Available records
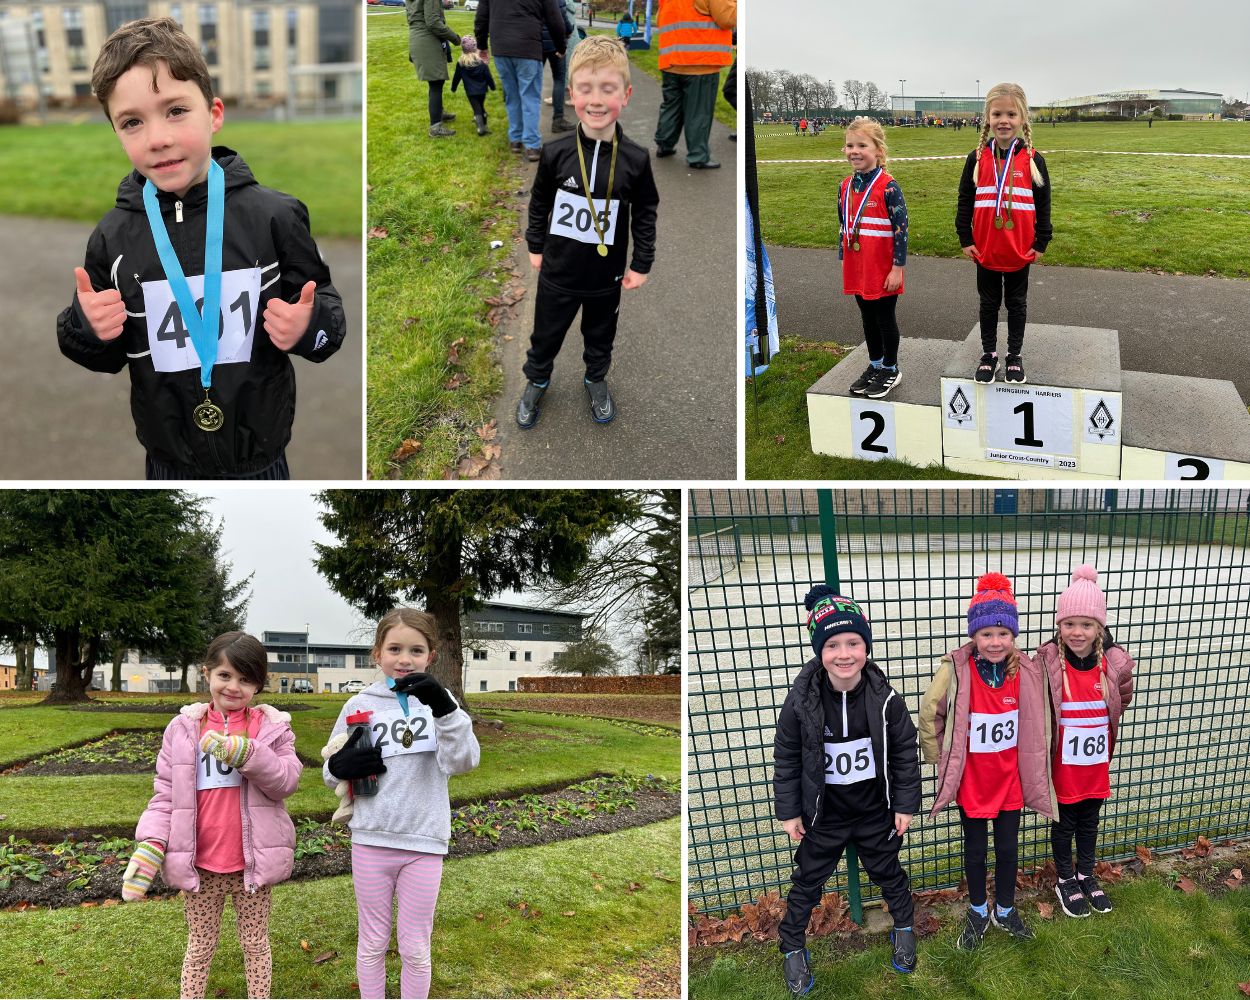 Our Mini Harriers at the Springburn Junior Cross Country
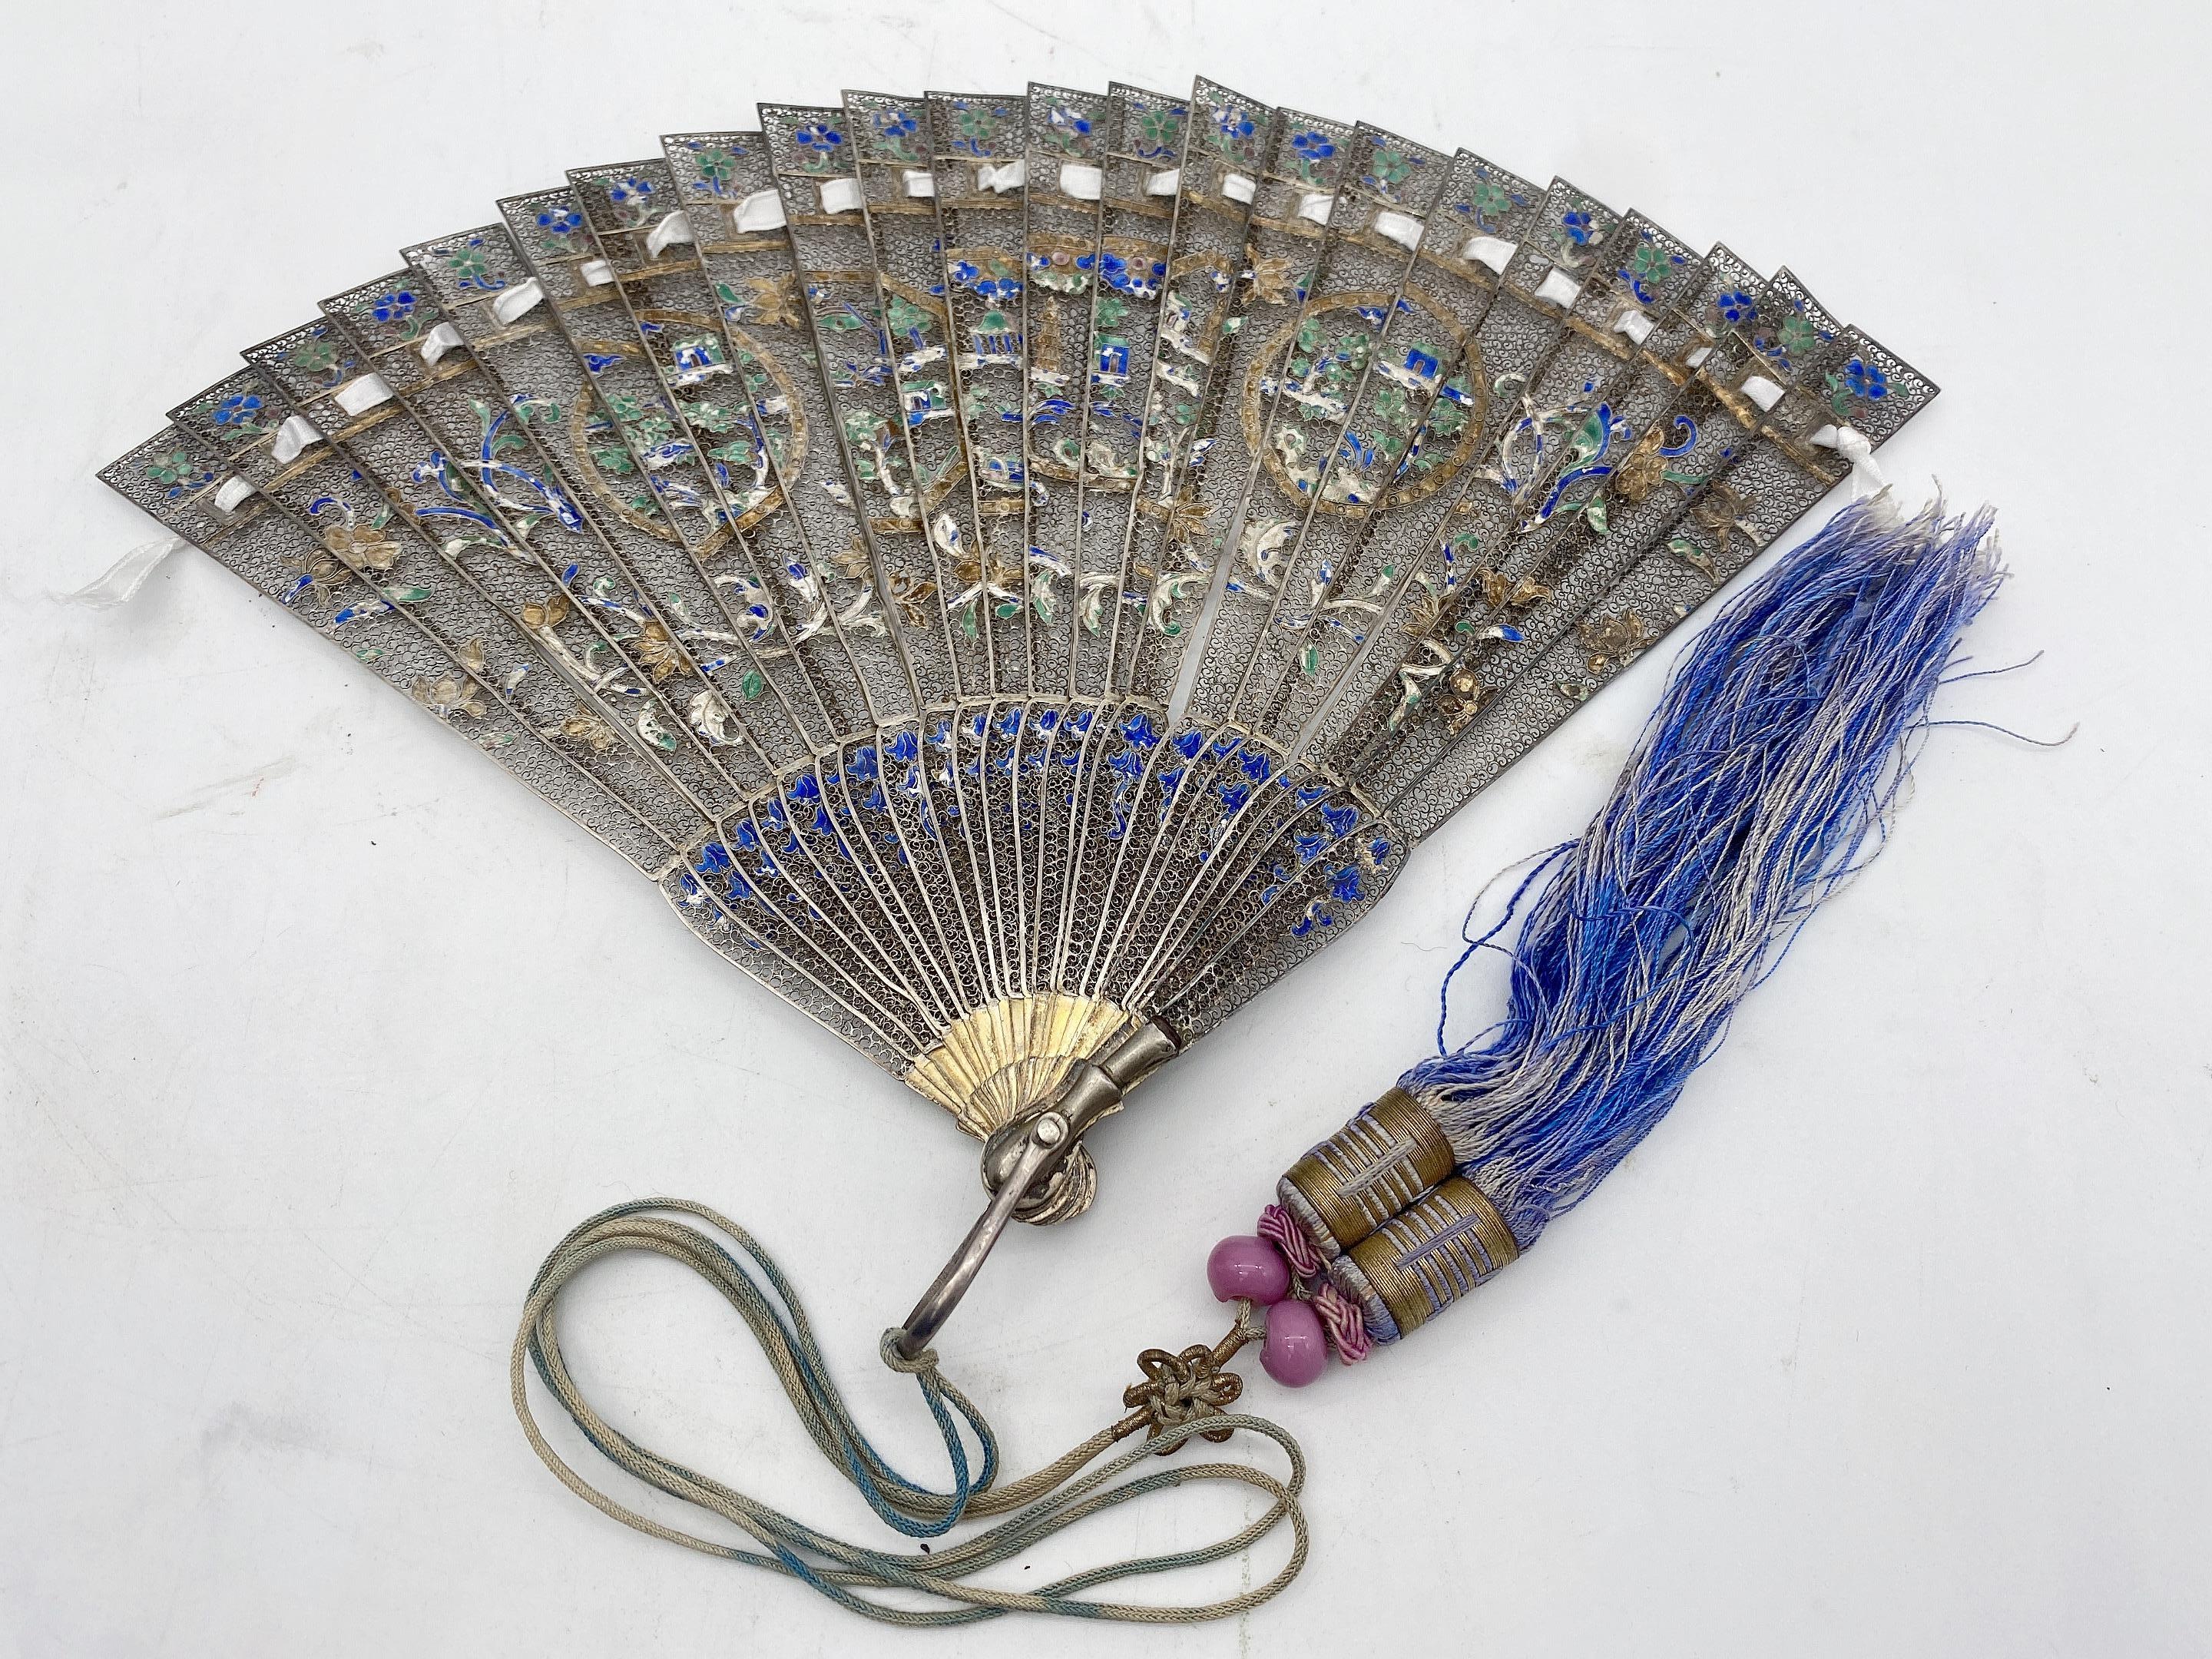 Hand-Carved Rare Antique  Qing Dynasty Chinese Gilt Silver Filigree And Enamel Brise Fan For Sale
==
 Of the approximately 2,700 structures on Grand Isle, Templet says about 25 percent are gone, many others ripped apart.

Required action
Look above for the line with "Our Mini Harriers", then give again exactly every line from there through the line with "Hand-Carved Rare Antique", skipping the pictures.

Output for this task
 Our Mini Harriers at the Springburn Junior Cross Country
 Hand-Carved Rare Antique  Qing Dynasty Chinese Gilt Silver Filigree And Enamel Brise Fan For Sale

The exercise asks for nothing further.